3,M6A,North York,"Lawrence Manor, Lawrence Heights"
4,M7A,Downtown Toronto,"Queen's Park, Ontario Provincial Government"


In [121]:
shape = df.shape[0]
print('The number of rows of this DataFrame is {}'.format(shape)+'.')

The number of rows of this DataFrame is 103.

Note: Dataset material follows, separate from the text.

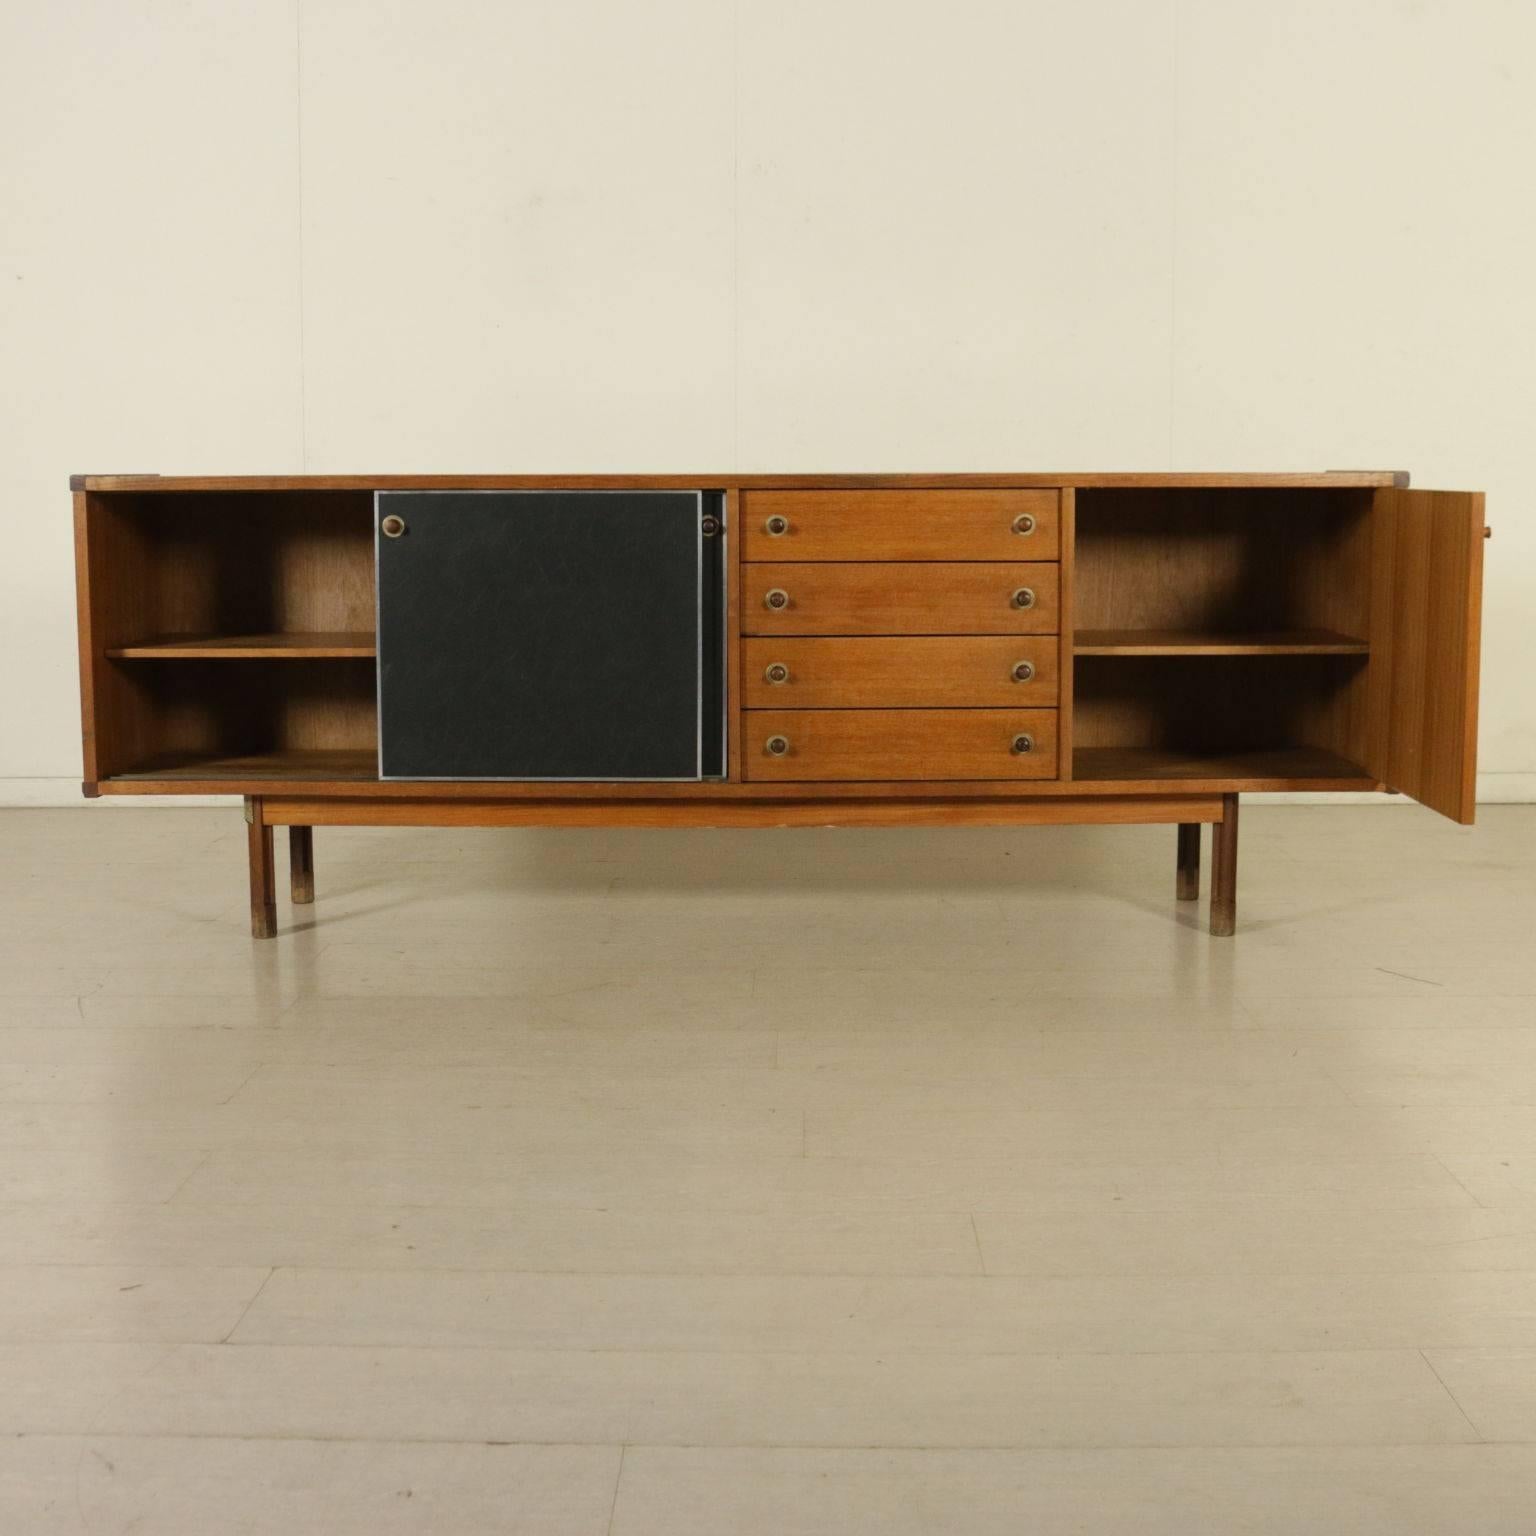 A sideboard with sliding doors and drawers. Teak veneer, leatherette, aluminium, brass. Manufactured in Italy, 1960s.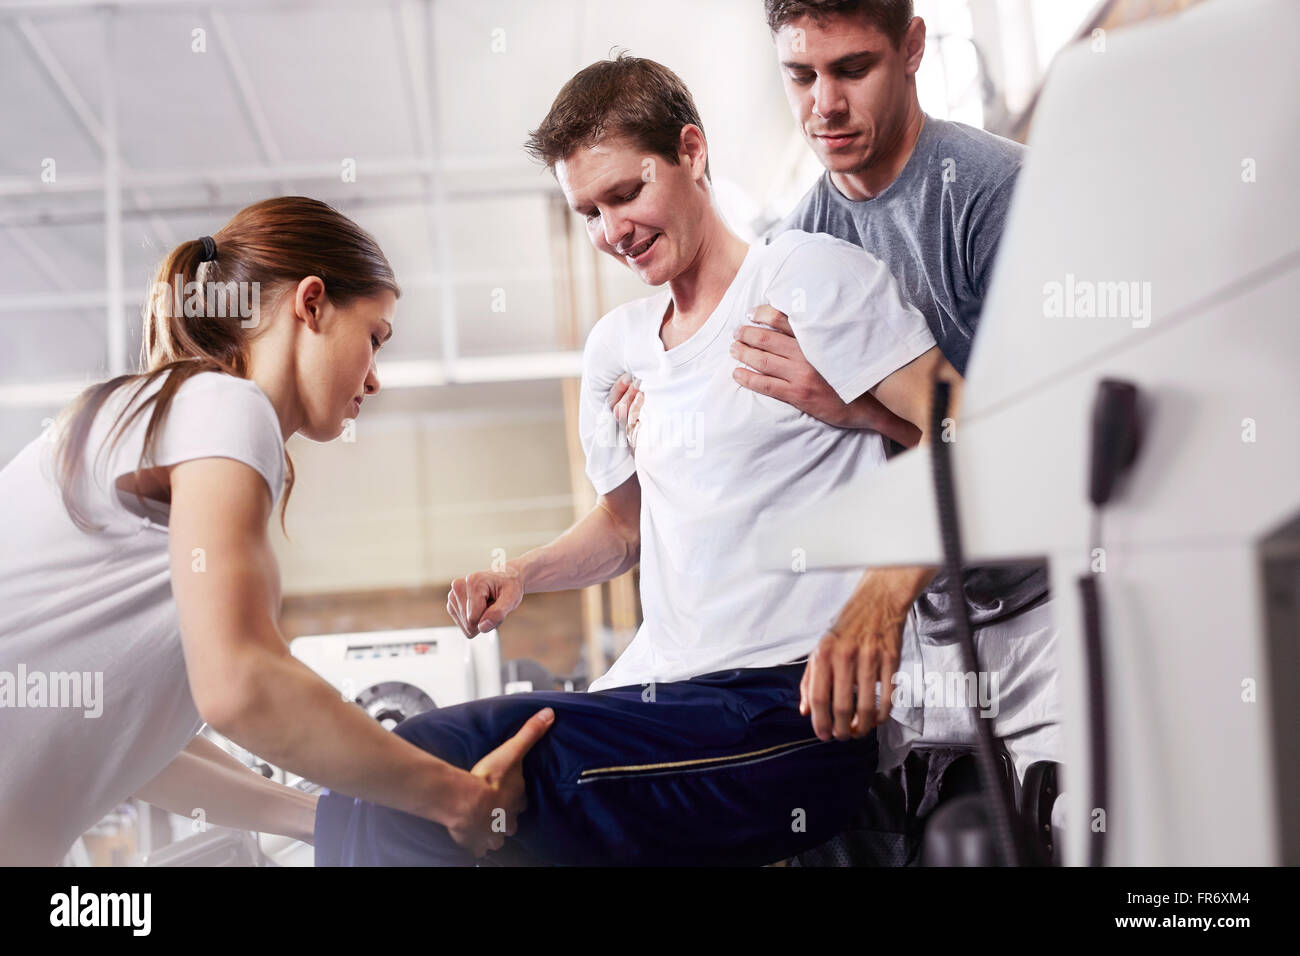 Physical therapists lifting man Stock Photo

Now on to the coordinates. Import .csv file and read it as a DataFrame with <code>pd.read_csv<code>.

In [124]:
dfc = pd.read_csv('https://cocl.us/Geospatial_data')
dfc.head()

Unnamed: 0,Postal Code,Latitude,Longitude
0,M1B,43.806686,-79.194353
1,M1C,43.784535,-79.160497
2,M1E,43.763573,-79.188711
3,M1G,43.770992,-79.216917
4,M1H,43.773136,-79.239476


And to make sure that the previous DataFrame was correctly populated.

In [126]:
shape2 = dfc.shape[0]
print('The number of rows of this second DataFrame of coordinates is still {}'.format(shape2)+'.')

The number of rows of this second DataFrame of coordinates is still 103.